> What the task asks: Write out the entire listing below exactly as it appears, minus any pictures.

> Given data:
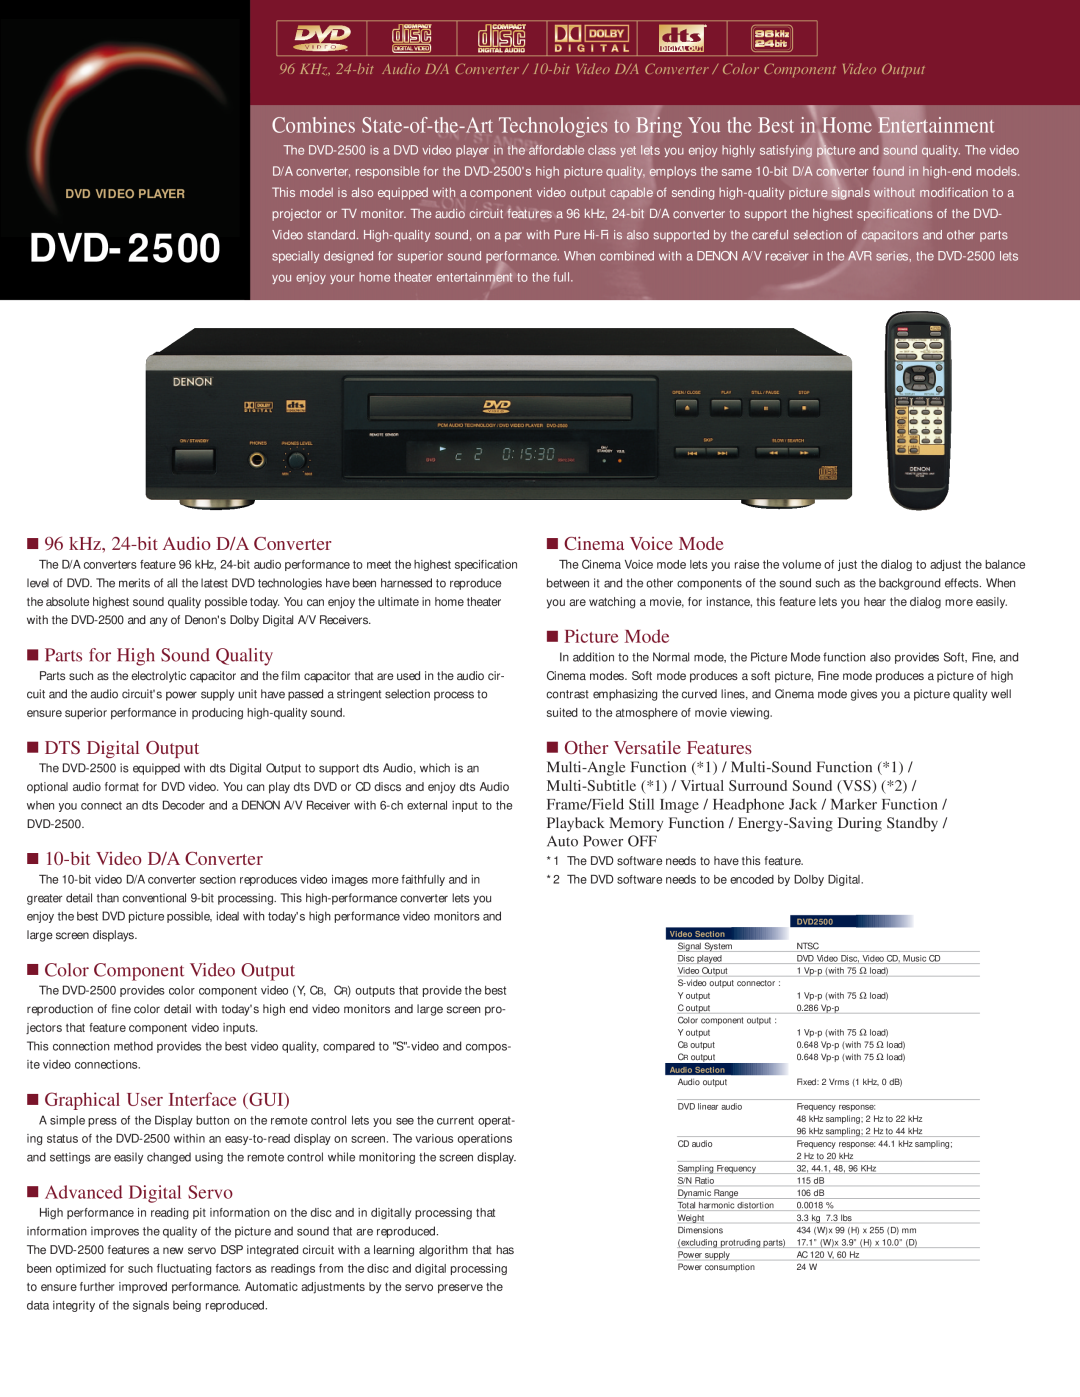 Denon DVD-2500 dimensions 
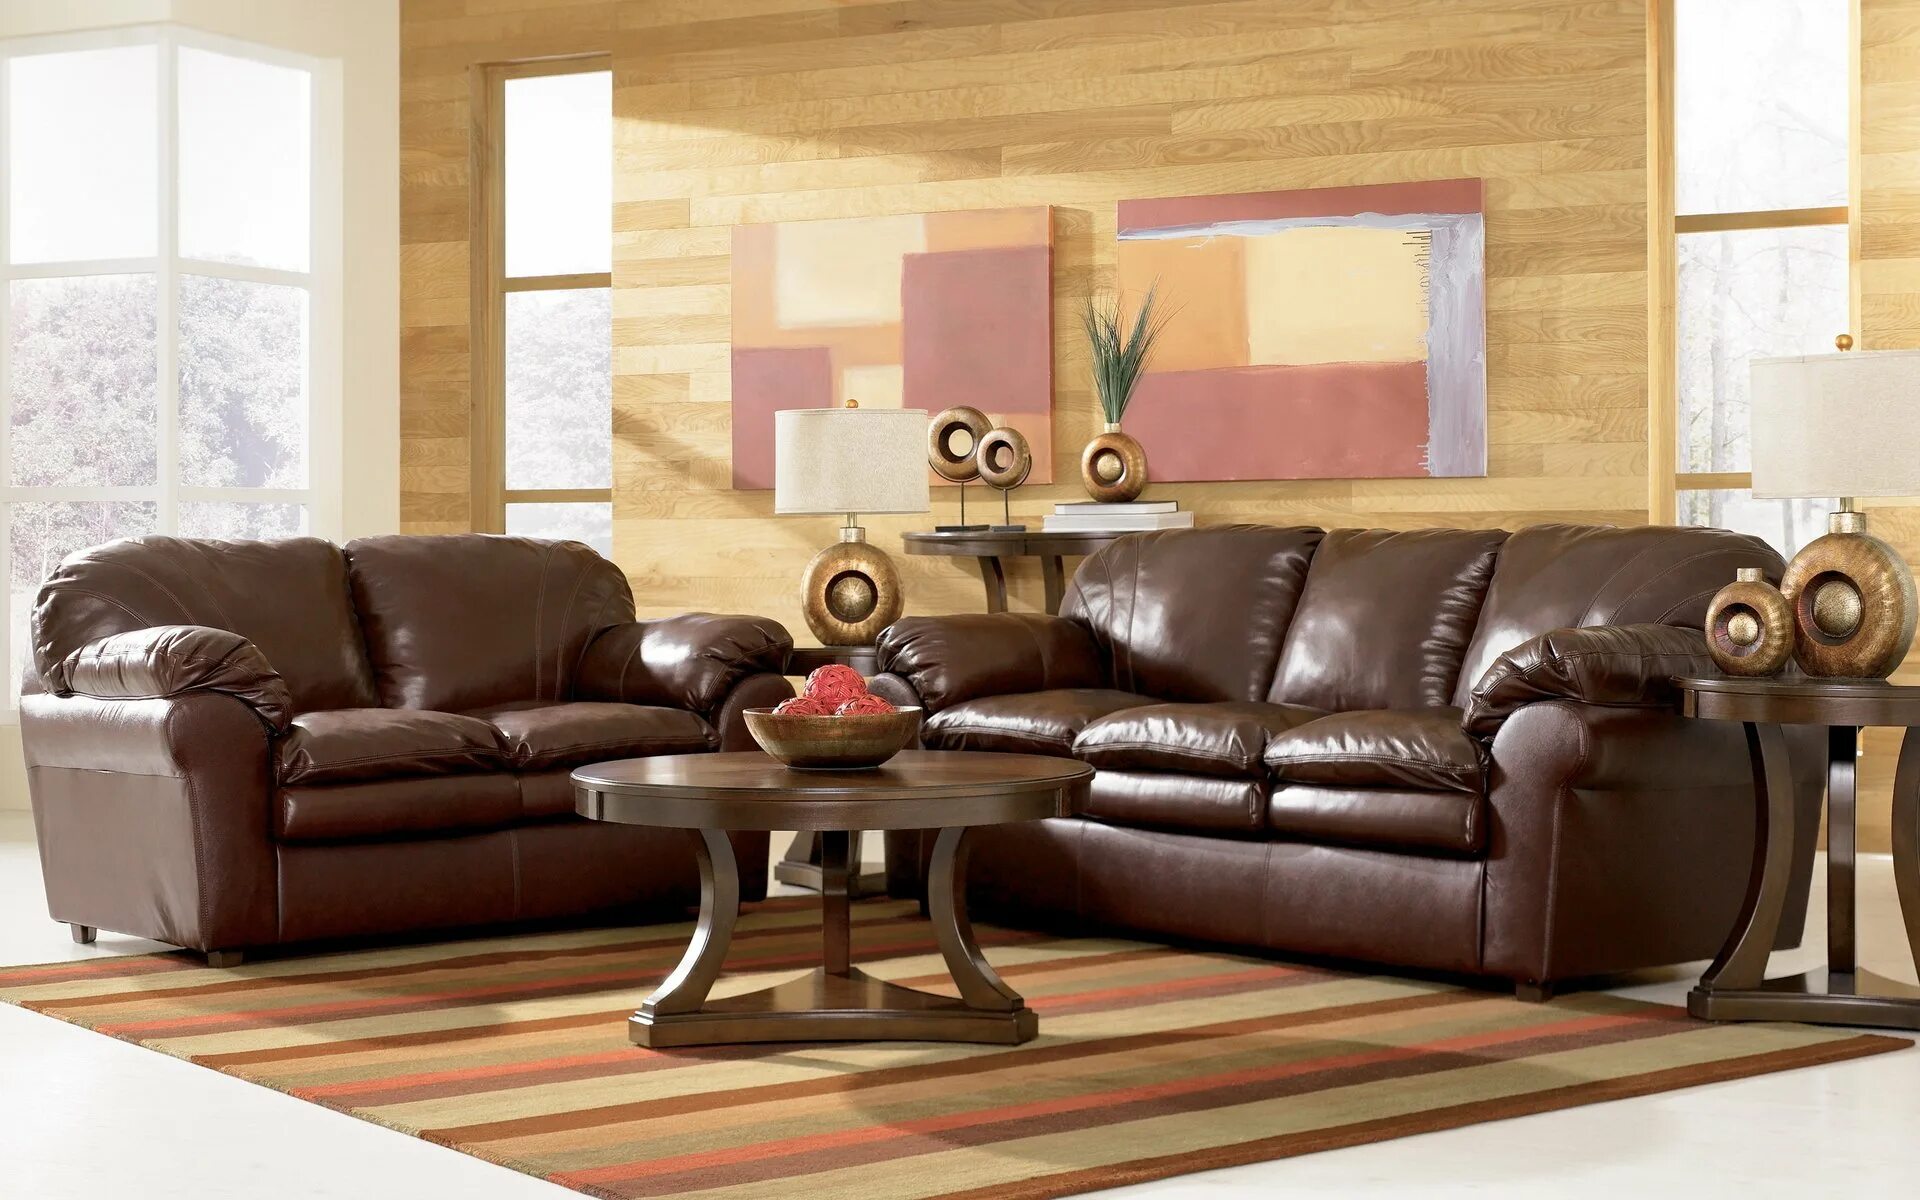 Обои к коричневой мебели. Кожаная мебель в интерьере. Кожаная мягкая мебель для гостиной. Коричневый кожаный диван в гостиную. Кожаная коричневая мебель в интерьере.
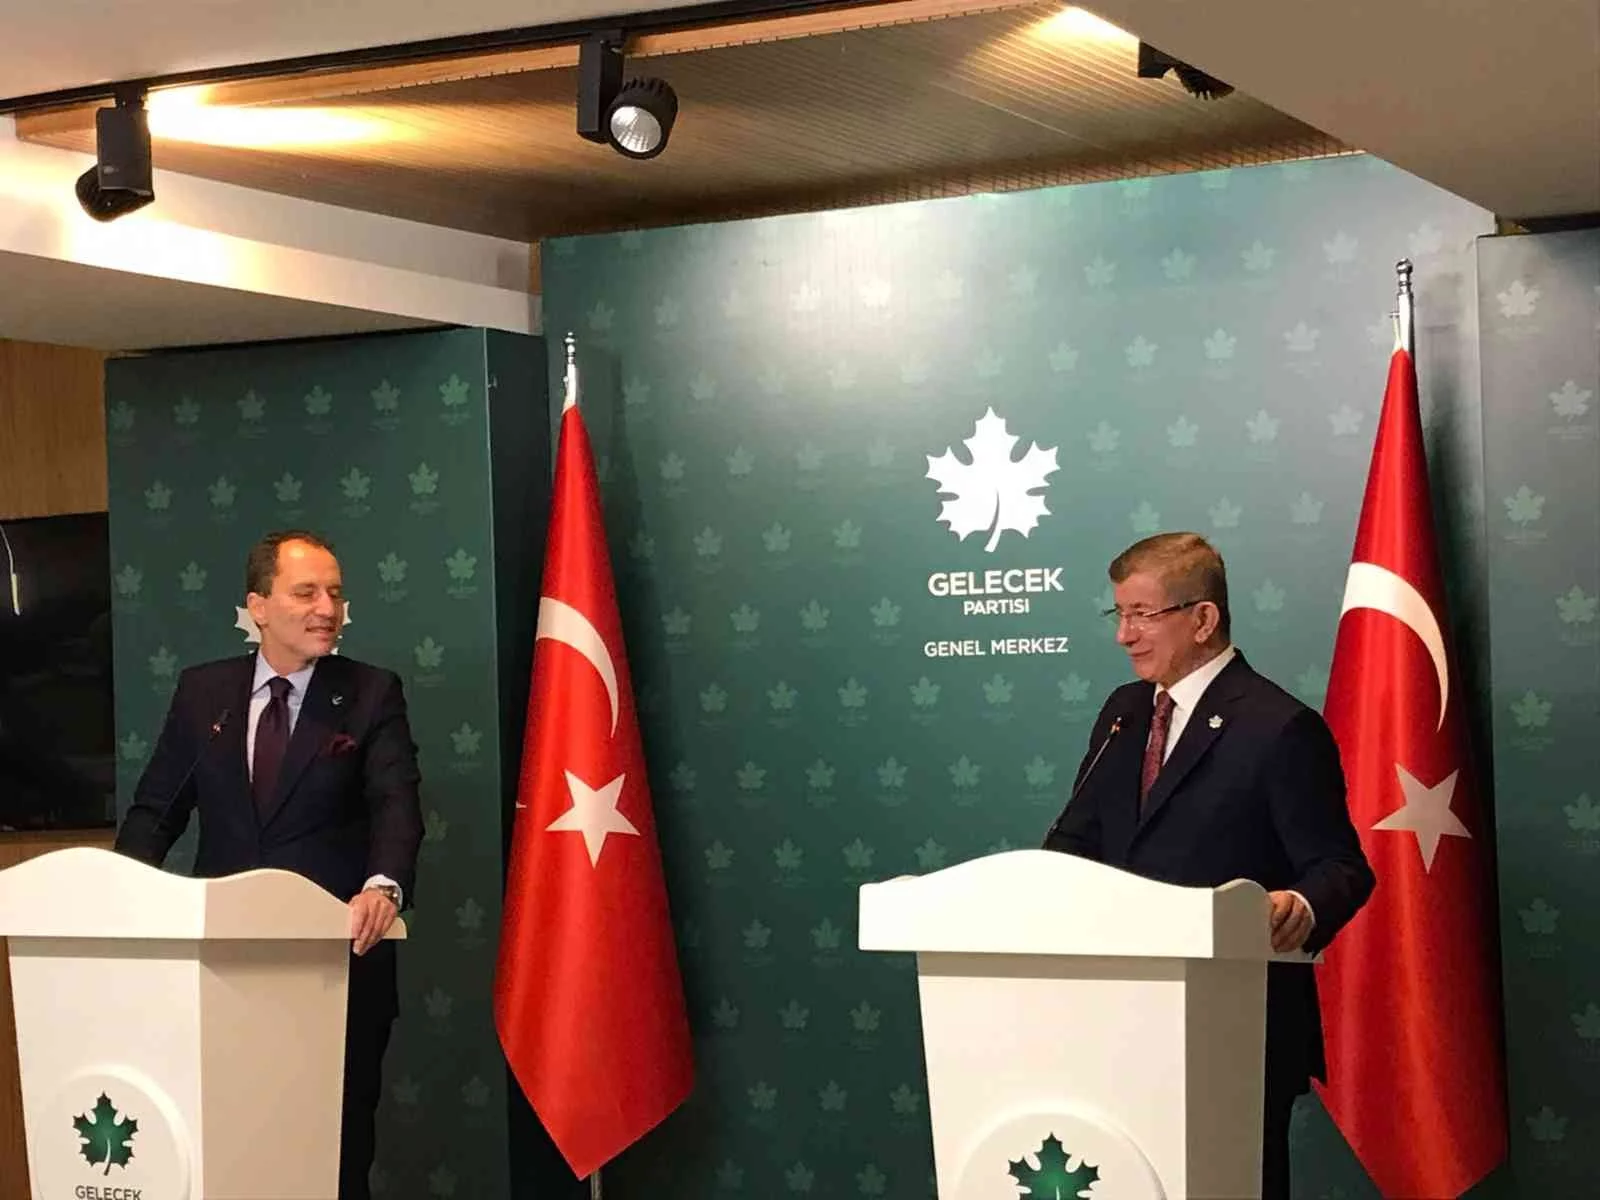 Yeniden Refah Partisi Genel Başkanı Erbakan, Davutoğlu ile bir araya geldi
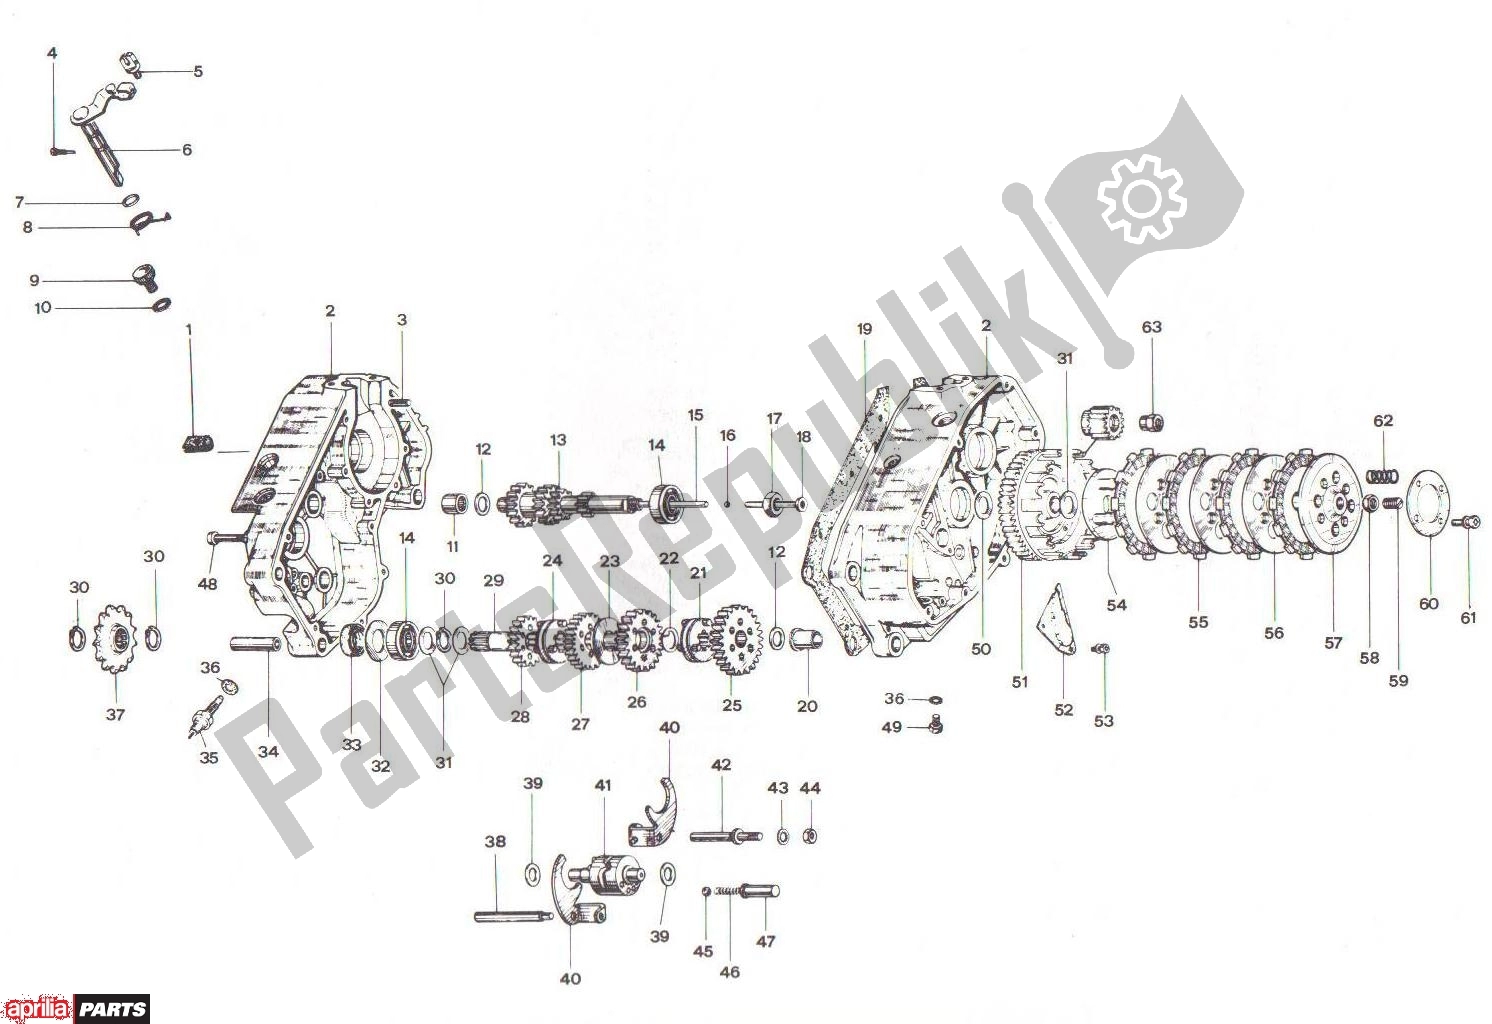 Alle onderdelen voor de Crankcase Clutch Transmission Basamento Frizione Cambio van de Aprilia RV3/4 700 50 1986 - 1992

> Response below:
 Denon DVD-2500 dimensions 
 Обои к коричневой мебели. Кожаная мебель в интерьере. Кожаная мягкая мебель для гостиной. Коричневый кожаный диван в гостиную. Кожаная коричневая мебель в интерьере.
 Yeniden Refah Partisi Genel Başkanı Erbakan, Davutoğlu ile bir araya geldi
 Alle onderdelen voor de Crankcase Clutch Transmission Basamento Frizione Cambio van de Aprilia RV3/4 700 50 1986 - 1992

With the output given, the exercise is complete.